Here are the signatures of the get_assets
function in the WIT, core Wasm, and the tx kernel ad-hoc ABI:
Comment from the miden-base
#! Writes the assets of the currently executing note into memory starting at the specified address.
#!
#! Inputs: [dest_ptr]
#! Outputs: [num_assets, dest_ptr]
#!
#! - dest_ptr is the memory address to write the assets.
#! - num_assets is the number of assets in the currently executing note.
Wasm component function type:
get-assets: func() -> list<core-asset>;
Wasm core signature:
wasm_core_get_assets(i32) -> ()
If we add a new get_assets_count: func() -> u32;
function to the tx kernel and add the assets count
parameter to the get_assets
function (get_assets: func(assets_count: u32) -> list<core-asset>;
)
we should have everything we need to manually write the adapter function for the get_assets
function.
The list is expected to be returned by storing the pointer to its first item in a ptr
pointer
passed as an argument and item count at ptr + 4 bytes
address (ptr
points to two pointers).
We could try to recognize this Miden ABI pattern by looking at the Wasm component function type. If
the return value is a list, expect the last argument in the Wasm core(HIR) signature to be i32
(a pointer). The problem is recognizing the list count parameter in the Wasm core(HIR) signature.
The adapter function calls allocates asset_count * item_size
memory via the realloc
call and
passes the pointer to the newly allocated memory to the tx kernel function.
Here is how the adapter function might look like in a pseudo-code for the get_assets
function:
func wasm_core_get_assets(asset_count: u32, ptr_ptr: i32) {
mem_size = asset_count * item_size;
ptr = realloc(mem_size);
(actual_asset_count, ptr) = call tx_kernel_get_assets(ptr);
assert(actual_asset_count == asset_count);
store ptr in ptr_ptr;
store account_count in ptr_ptr + 4;
}
Note
Since the get_assets
tx kernel function in the current form can trash the provided memory if
the actual assets count differs from the returned by get_assets_count
, we can introduce the
asset count parameter to the get_assets
tx kernel function and check that it the same as the
actual assets count written to memory.
The example of some functions signatures¶
add_asset
(return-via-pointer Miden ABI pattern)¶
Comment from the miden-base
#! Add the specified asset to the vault.
#!
#! Panics:
#! - If the asset is not valid.
#! - If the total value of two fungible assets is greater than or equal to 2^63.
#! - If the vault already contains the same non-fungible asset.
#!
#! Stack: [ASSET]
#! Output: [ASSET']
#!
#! - ASSET' final asset in the account vault is defined as follows:
#! - If ASSET is a non-fungible asset, then ASSET' is the same as ASSET.

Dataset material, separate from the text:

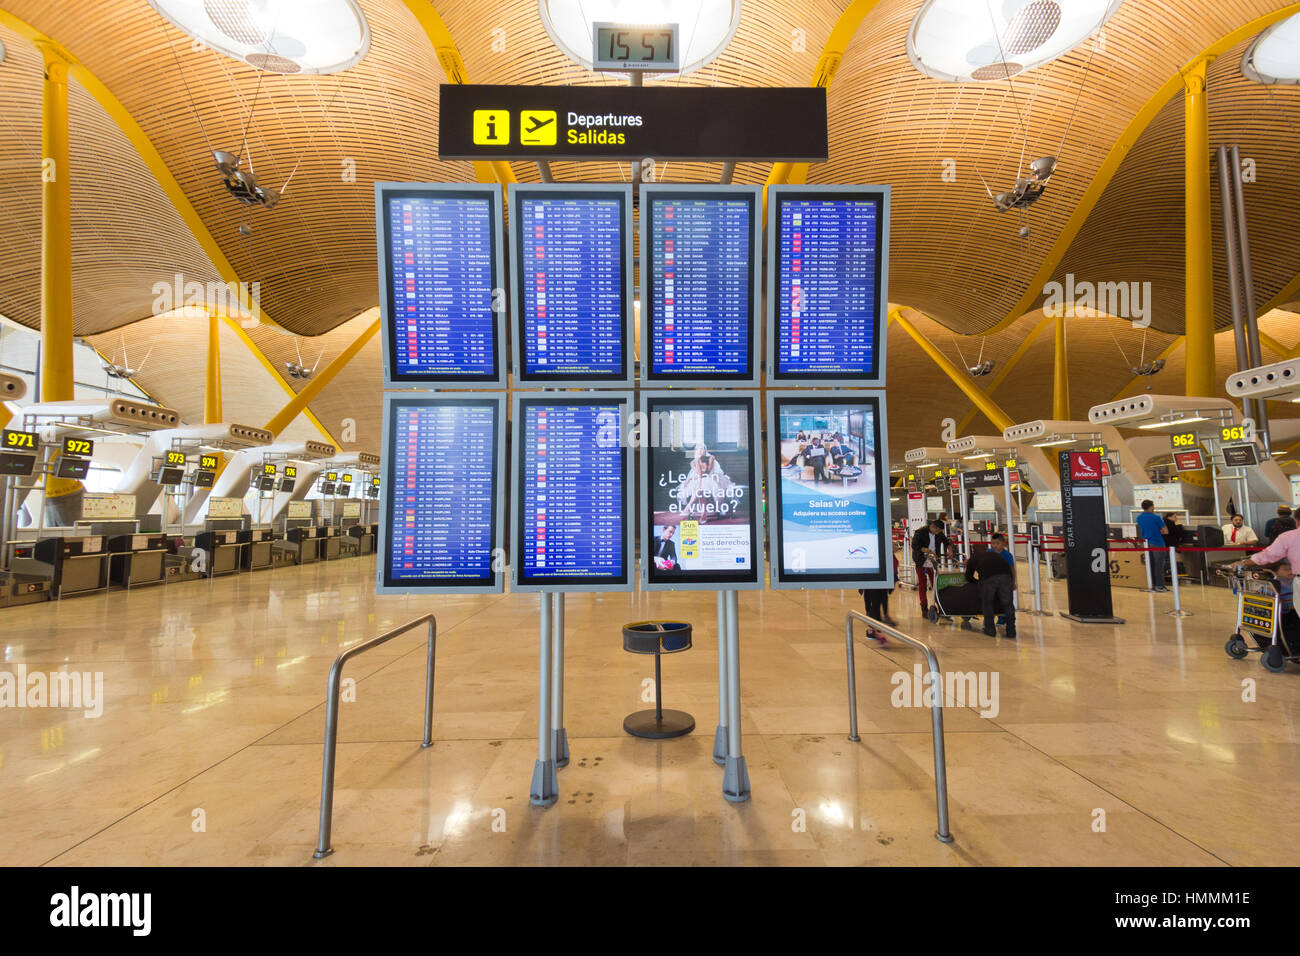 MADRID - Okt 11: Abflüge Informationstafeln am Flughafen Madrid-Barajas am 11. Oktober 2014 in Madrid, Spanien.  Der Flughafen ist, dass große Spaniens Stockfoto

#! - If ASSET is a fungible asset, then ASSET' is the total fungible asset in the account vault
#! after ASSET was added to it.
Wasm component function type:
add-asset(core-asset) -> core-asset
Wasm core signature:
wasm_core_add_asset(f64, f64, f64, f64, i32) -> ()
The last i32
is a pointer to a returned value (word
)
Tx kernel ad-hoc signature:
tx_kernel_add_asset(felt, felt, felt, felt) -> (felt, felt, felt, felt)
get_id
(no-adapter-needed Miden ABI pattern)¶
Comment from the miden-base
#! Returns the account id.
#!
#! Stack: []
#! Output: [acct_id]
#!
#! - acct_id is the account id.
Wasm component function type:
get-id() -> account-id
Wasm core signature:
wasm_core_get_id() -> f64
Tx kernel ad-hoc signature:
tx_kernel_get_id() -> felt